Here is a rough sketch:
[tex]\[ \begin{array}{c} \ \ \ \ \ \ | \\ \ \ \ \ \ \ | \\ \ \ \ \ \ \ | \\ \ \ \ \ \ \ | \quad *\ \ \ \ \ \__ \dots \dots \dots \displaystyle{\near{-5}{}} \\ \ \ \ \ \ \ \ \ \ \ * \ | \ \ \ \ \ \ \ \ \ \ \ \ \ \ \ | \ \ \ \ \ \ \ \ \ \ \ \ \ \ \ \ \ \ | \ *\ \ \ \ \ \ \ \ \ \ \ \ \ \ | \ (-) \ \ (-) \ \ (-) \ \ \ \ (-8)\ (6) (10)\\ \end{array} \][/tex]
In this sketch, notice that the graph is a smooth curve passing through the [tex]\( y \)[/tex]-axis, with the key shifting and flipping properties described.
1. Basic Form:
The basic form is [tex]\( y = (x-2)^3 \)[/tex]. This is a cubic function with a horizontal shift to the right by 2 units. The graph typically looks like a stretched "S" shape through the origin.
However, we have modifications to this basic form.
2. Horizontal Shift:
The function [tex]\( y = (x-2)^3 \)[/tex] shifts the standard cubic graph [tex]\( y = x^3 \)[/tex] to the right by 2 units. Therefore, the inflection point (previously at the origin) moves to the point [tex]\((2, 0)\)[/tex].
3. Vertical Reflection:
The negative sign in front of the cubic function, making it [tex]\( y = -(x-2)^3 \)[/tex], reflects the graph across the x-axis. Essentially, this flips the "S" shape upside down. Now, instead of rising from left to right, it falls from left to right.
4. Vertical Shift:
The term [tex]\(-5\)[/tex] at the end of the function, [tex]\( y = -(x-2)^3 - 5 \)[/tex], vertically shifts the entire graph downwards by 5 units. So the inflection point, which was at [tex]\((2, 0)\)[/tex], moves to the new point [tex]\((2, -5)\)[/tex].

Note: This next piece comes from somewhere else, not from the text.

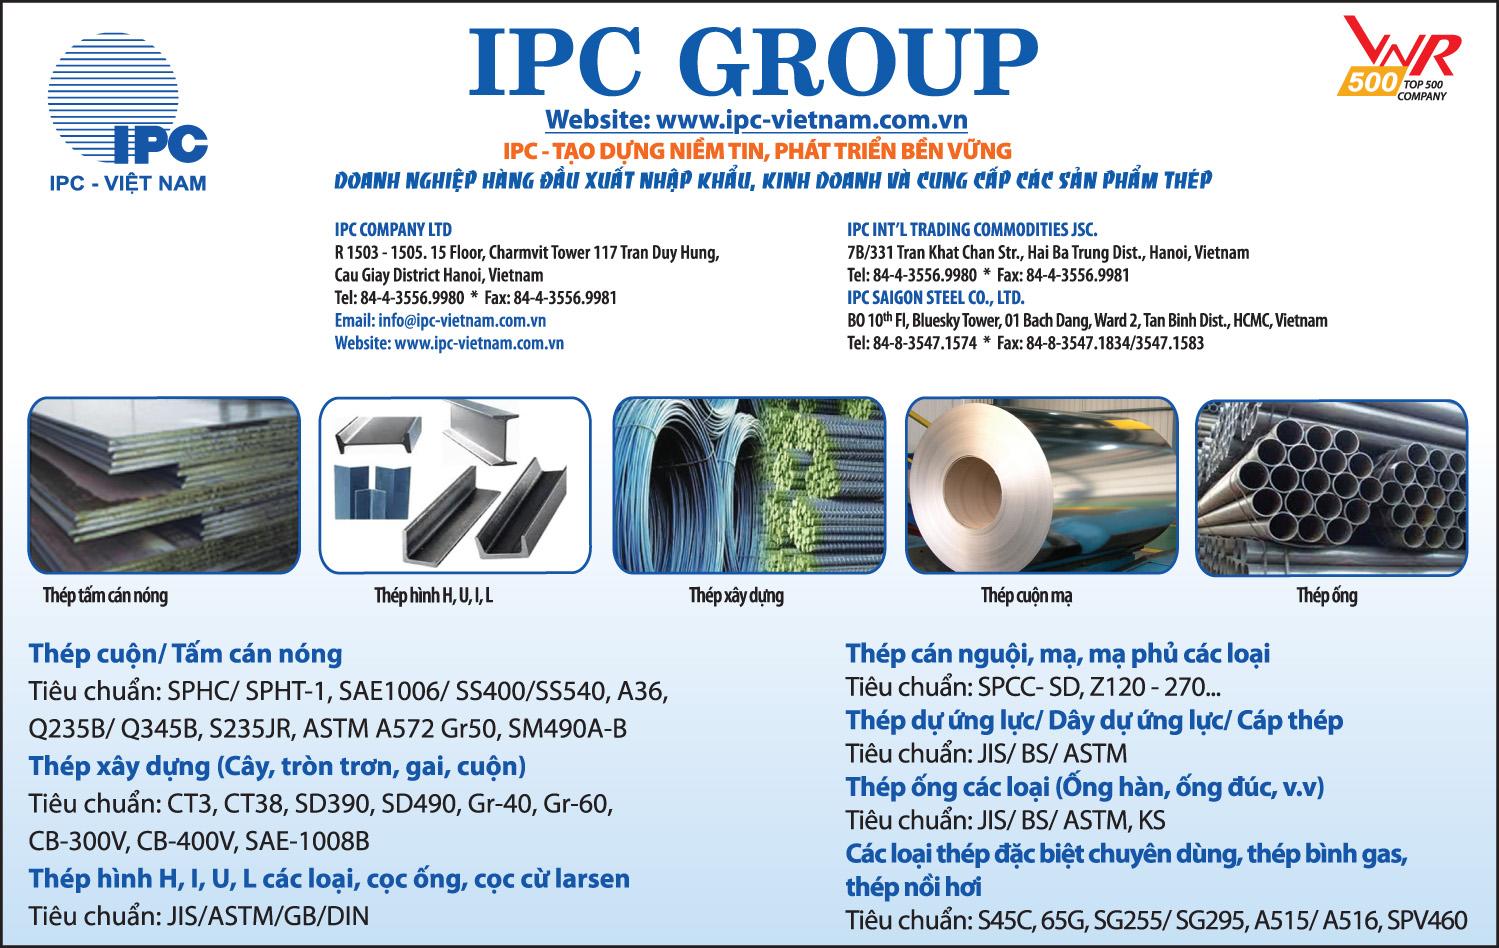 Công ty TNHH IPC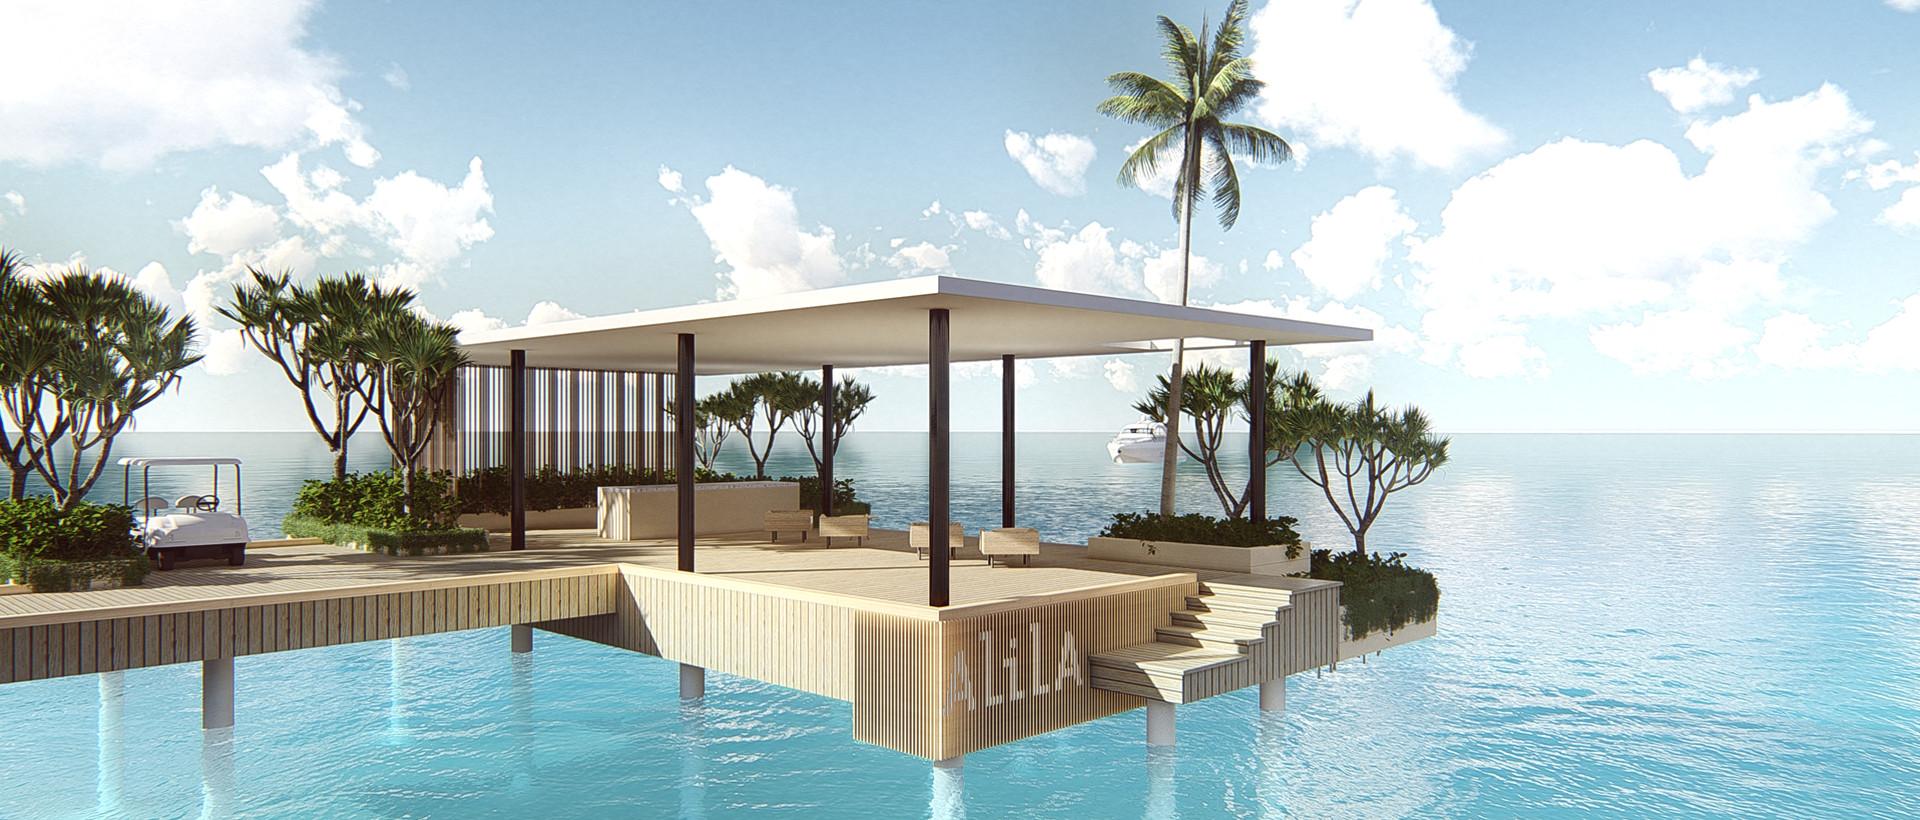 Alila Maldives Topo Design Studio (1).jp

Let's summarize key points to plot the graph:
- The basic shape is a cubic function.
- There is a horizontal shift 2 units to the right.
- There's an upside-down reflection due to the negative sign.
- The graph is shifted downward by 5 units.
### Characteristics of the Graph
- Inflection Point: Located at [tex]\( (2, -5) \)[/tex].
- End Behavior: As [tex]\( x \to \infty \)[/tex], [tex]\( y \to -\infty \)[/tex]; and as [tex]\( x \to -\infty \)[/tex], [tex]\( y \to \infty \)[/tex].
- General Shape: It will appear as an inverted "S" shape, passing through the inflection point at [tex]\( (2, -5) \)[/tex].
### Plotting Points:
- Start from the inflection point [tex]\((2, -5)\)[/tex].
- As [tex]\( x \)[/tex] increases past 2, [tex]\( y \)[/tex] decreases sharply downward.
- As [tex]\( x \)[/tex] decreases past 2, [tex]\( y \)[/tex] increases sharply upward.
Given this analysis, the graph should look like an upside-down stretched-out "S" that crosses the line [tex]\( y = -5 \)[/tex] when [tex]\( x = 2 \)[/tex].
Here is a rough sketch:
[tex]\[ \begin{array}{c} \ \ \ \ \ \ | \\ \ \ \ \ \ \ | \\ \ \ \ \ \ \ | \\ \ \ \ \ \ \ | \quad *\ \ \ \ \ \__ \dots \dots \dots \displaystyle{\near{-5}{}} \\ \ \ \ \ \ \ \ \ \ \ * \ | \ \ \ \ \ \ \ \ \ \ \ \ \ \ \ | \ \ \ \ \ \ \ \ \ \ \ \ \ \ \ \ \ \ | \ *\ \ \ \ \ \ \ \ \ \ \ \ \ \ | \ (-) \ \ (-) \ \ (-) \ \ \ \ (-8)\ (6) (10)\\ \end{array} \][/tex]
In this sketch, notice that the graph is a smooth curve passing through the [tex]\( y \)[/tex]-axis, with the key shifting and flipping properties described.